# Records to process:

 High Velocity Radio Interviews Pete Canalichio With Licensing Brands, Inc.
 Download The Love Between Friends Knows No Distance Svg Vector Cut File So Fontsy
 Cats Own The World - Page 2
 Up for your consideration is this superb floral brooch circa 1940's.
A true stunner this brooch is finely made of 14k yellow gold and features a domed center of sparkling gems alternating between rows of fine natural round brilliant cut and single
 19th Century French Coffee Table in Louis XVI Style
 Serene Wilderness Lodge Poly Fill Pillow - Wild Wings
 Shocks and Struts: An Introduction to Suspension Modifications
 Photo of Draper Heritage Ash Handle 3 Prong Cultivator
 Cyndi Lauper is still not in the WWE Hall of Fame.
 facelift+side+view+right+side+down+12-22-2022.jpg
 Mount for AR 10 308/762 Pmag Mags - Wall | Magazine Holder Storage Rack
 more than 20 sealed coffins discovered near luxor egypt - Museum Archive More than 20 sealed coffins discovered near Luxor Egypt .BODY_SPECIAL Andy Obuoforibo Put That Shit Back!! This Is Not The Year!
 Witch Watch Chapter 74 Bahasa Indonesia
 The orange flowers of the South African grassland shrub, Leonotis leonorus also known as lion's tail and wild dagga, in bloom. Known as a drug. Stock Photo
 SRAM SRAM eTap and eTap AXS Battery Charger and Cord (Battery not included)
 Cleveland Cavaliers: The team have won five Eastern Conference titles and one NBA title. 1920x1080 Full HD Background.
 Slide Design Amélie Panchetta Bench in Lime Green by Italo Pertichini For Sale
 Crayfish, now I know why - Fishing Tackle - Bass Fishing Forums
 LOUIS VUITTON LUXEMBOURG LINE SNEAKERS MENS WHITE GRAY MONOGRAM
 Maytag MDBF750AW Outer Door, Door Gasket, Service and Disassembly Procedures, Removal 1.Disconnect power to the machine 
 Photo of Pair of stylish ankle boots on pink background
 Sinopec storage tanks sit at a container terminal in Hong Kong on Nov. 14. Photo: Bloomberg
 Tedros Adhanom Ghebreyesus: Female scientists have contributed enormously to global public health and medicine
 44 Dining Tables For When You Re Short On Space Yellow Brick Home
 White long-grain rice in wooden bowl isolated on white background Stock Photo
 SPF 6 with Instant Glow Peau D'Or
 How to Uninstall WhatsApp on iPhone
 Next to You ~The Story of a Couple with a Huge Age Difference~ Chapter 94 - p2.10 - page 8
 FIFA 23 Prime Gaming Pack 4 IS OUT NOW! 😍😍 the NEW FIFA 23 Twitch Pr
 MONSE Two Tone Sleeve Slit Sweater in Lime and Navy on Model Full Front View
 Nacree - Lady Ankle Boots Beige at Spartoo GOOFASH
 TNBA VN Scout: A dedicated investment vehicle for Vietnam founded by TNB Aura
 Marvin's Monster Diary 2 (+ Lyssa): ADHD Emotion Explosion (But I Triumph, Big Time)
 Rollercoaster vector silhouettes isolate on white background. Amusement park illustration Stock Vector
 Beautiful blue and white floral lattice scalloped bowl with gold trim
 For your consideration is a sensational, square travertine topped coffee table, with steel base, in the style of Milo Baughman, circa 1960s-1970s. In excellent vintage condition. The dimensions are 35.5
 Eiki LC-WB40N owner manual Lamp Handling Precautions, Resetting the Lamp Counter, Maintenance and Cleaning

# Your instructions:
Word for word, transcribe the entire listing shown above.

# Written response:
 High Velocity Radio Interviews Pete Canalichio With Licensing Brands, Inc.
 Download The Love Between Friends Knows No Distance Svg Vector Cut File So Fontsy
 Cats Own The World - Page 2
 Up for your consideration is this superb floral brooch circa 1940's.
A true stunner this brooch is finely made of 14k yellow gold and features a domed center of sparkling gems alternating between rows of fine natural round brilliant cut and single
 19th Century French Coffee Table in Louis XVI Style
 Serene Wilderness Lodge Poly Fill Pillow - Wild Wings
 Shocks and Struts: An Introduction to Suspension Modifications
 Photo of Draper Heritage Ash Handle 3 Prong Cultivator
 Cyndi Lauper is still not in the WWE Hall of Fame.
 facelift+side+view+right+side+down+12-22-2022.jpg
 Mount for AR 10 308/762 Pmag Mags - Wall | Magazine Holder Storage Rack
 more than 20 sealed coffins discovered near luxor egypt - Museum Archive More than 20 sealed coffins discovered near Luxor Egypt .BODY_SPECIAL Andy Obuoforibo Put That Shit Back!! This Is Not The Year!
 Witch Watch Chapter 74 Bahasa Indonesia
 The orange flowers of the South African grassland shrub, Leonotis leonorus also known as lion's tail and wild dagga, in bloom. Known as a drug. Stock Photo
 SRAM SRAM eTap and eTap AXS Battery Charger and Cord (Battery not included)
 Cleveland Cavaliers: The team have won five Eastern Conference titles and one NBA title. 1920x1080 Full HD Background.
 Slide Design Amélie Panchetta Bench in Lime Green by Italo Pertichini For Sale
 Crayfish, now I know why - Fishing Tackle - Bass Fishing Forums
 LOUIS VUITTON LUXEMBOURG LINE SNEAKERS MENS WHITE GRAY MONOGRAM
 Maytag MDBF750AW Outer Door, Door Gasket, Service and Disassembly Procedures, Removal 1.Disconnect power to the machine 
 Photo of Pair of stylish ankle boots on pink background
 Sinopec storage tanks sit at a container terminal in Hong Kong on Nov. 14. Photo: Bloomberg
 Tedros Adhanom Ghebreyesus: Female scientists have contributed enormously to global public health and medicine
 44 Dining Tables For When You Re Short On Space Yellow Brick Home
 White long-grain rice in wooden bowl isolated on white background Stock Photo
 SPF 6 with Instant Glow Peau D'Or
 How to Uninstall WhatsApp on iPhone
 Next to You ~The Story of a Couple with a Huge Age Difference~ Chapter 94 - p2.10 - page 8
 FIFA 23 Prime Gaming Pack 4 IS OUT NOW! 😍😍 the NEW FIFA 23 Twitch Pr
 MONSE Two Tone Sleeve Slit Sweater in Lime and Navy on Model Full Front View
 Nacree - Lady Ankle Boots Beige at Spartoo GOOFASH
 TNBA VN Scout: A dedicated investment vehicle for Vietnam founded by TNB Aura
 Marvin's Monster Diary 2 (+ Lyssa): ADHD Emotion Explosion (But I Triumph, Big Time)
 Rollercoaster vector silhouettes isolate on white background. Amusement park illustration Stock Vector
 Beautiful blue and white floral lattice scalloped bowl with gold trim
 For your consideration is a sensational, square travertine topped coffee table, with steel base, in the style of Milo Baughman, circa 1960s-1970s. In excellent vintage condition. The dimensions are 35.5
 Eiki LC-WB40N owner manual Lamp Handling Precautions, Resetting the Lamp Counter, Maintenance and Cleaning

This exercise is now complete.